With the approach of darkness the rioting gave prospects of being continued throughout the night. Whites boarded the platforms and shot through the windows of the trains at passengers. Some of the passengers alighting from cars were thrown from the elevated structure, suffering broken legs, fractured skulls, and death.

The block between State Street and Wabash Avenue on East 35th Street was the scene of probably the most shooting and rioting of the evening and a pitched battle ensued between the police, whites and blacks.

The trouble climaxed when white occupants of the Angelus apartments began firing shots and throwing missiles from their windows. One man was shot through the head, but before his name could be secured he was spirited away. The attack developed a hysterical battling fervor and the mob charged the building and the battle was on.

Police were shot. Whites were seen to tumble out of automobiles, from doorways and other places, wounded or suffering from bruises inflicted by gunshot, stones or bricks. A reign of terror literally ensued. Automobiles were stopped, occupants beaten and machines wrecked. Streetcars operating in 35th Street were wrecked at will and north and south bound State Street cars’ windows were shattered and white occupants beaten.

Trolley cars operating east and west on 35th Street were stopped, since they always left the vicinity in a perforated state. Shortly after 3 o’clock all service was dincontinued on 43rd, 47th and 51st streets.

Stores Looted; Homes Burned

Tiring of street fights, rioters turned to burning and looting. This was truly a sleepless night, and a resume of the day’s happenings nourished an inclination for renewed hostilities from another angle. The homes of blacks isolated in white neighborhoods were burned to the ground and the owners and occupants beaten and thrown unconscious in the smouldering embers. Meanwhile rioters in the “black belt” smashed windows and looted shops of white merchants on State Street.

Other rioters, manning high powered cars and armed, flitted up and down the darkened streets, chancing shots at fleeting whites on the street and those riding in street cars.

Toward midnight quiet reigned along State Street under the vigilance of 400 policemen and scores of uniformed men of the 8th Regiment.

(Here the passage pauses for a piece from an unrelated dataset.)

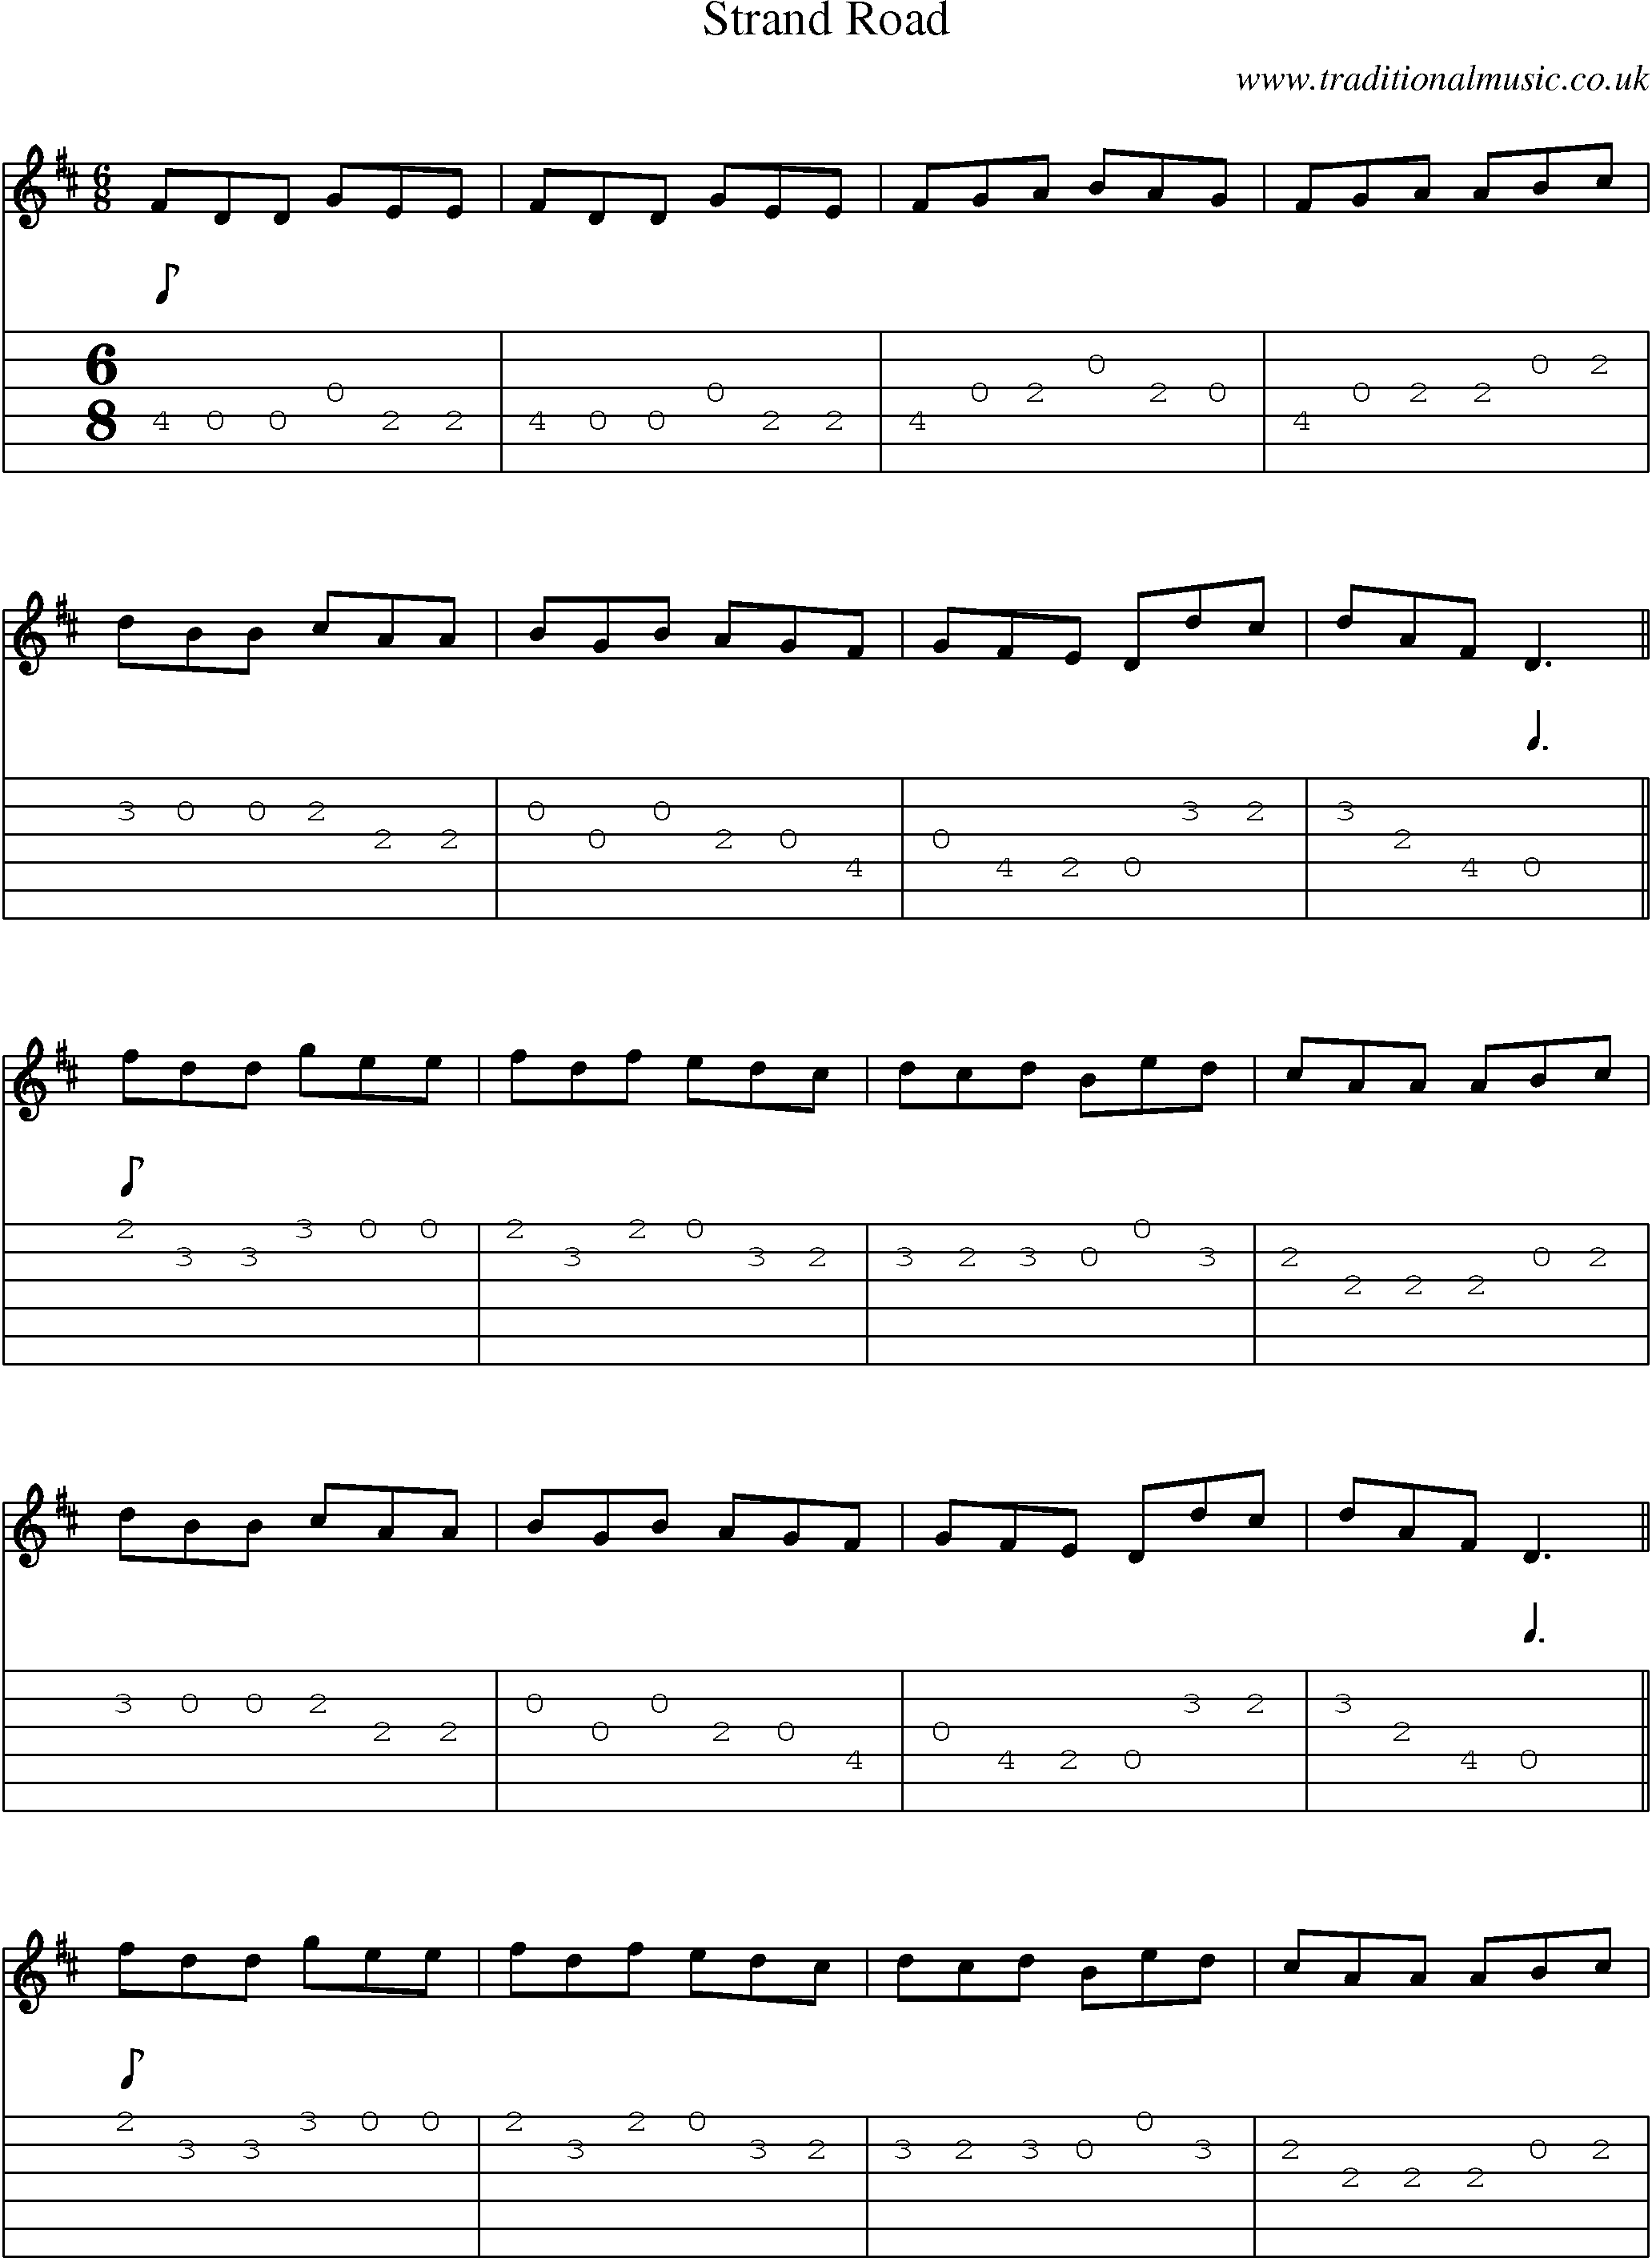 Music Score and Guitar Tabs for Strand Road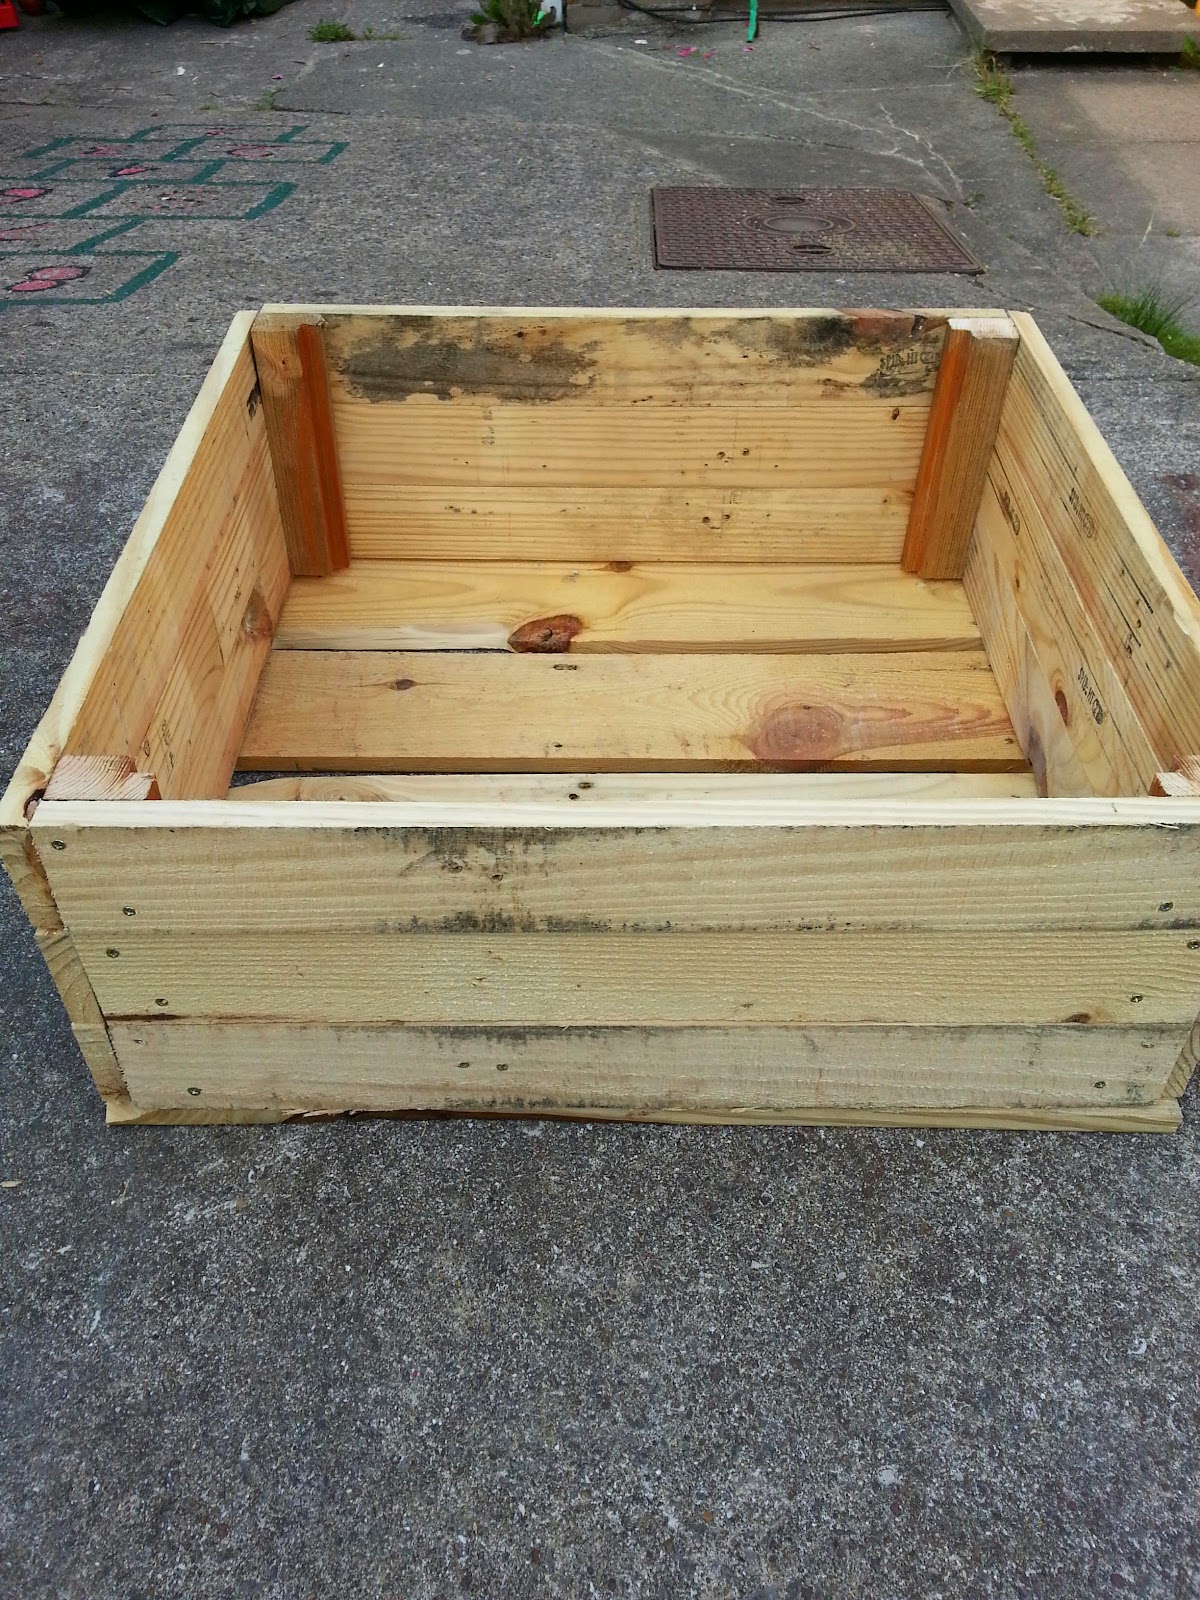 Wooden Pallet Garden Projects: Pallet Wooden Boxes 2

Tuesday dawned sorrowing with a death toll of 20 dead and 300 injured. In the early morning a thirteen-year-old lad standing on his porch at 51st and Wabash Avenue was shot to death by a white man who, in an attempt to get away, encountered a mob and his existence became history. A mounted policeman, unknown, fatally wounded a small boy in the 49th block of Dearborn Street and was shot to death by some unknown rioter.

Workers thronging the loop district to their work were set upon by mobs of sailors and marines roving the streets and several fatal casualties have been reported. Infuriated white rioters attempted to storm the Palmer house and the post office where there are large numbers of employees, but an adequate police force dispersed them and later the men were spirited away to their homes in closed government mail trucks and other conveyances. White clerks have replaced our clerks in the main post office temporarily and our men have been shifted to outlying post offices. The loop violence came as a surprise to the police. Police and reserves had been scattered over the South Side rioting district, as no outbreaks had been expected in this quarter. Toward noon stations therein were overwhelmed with calls.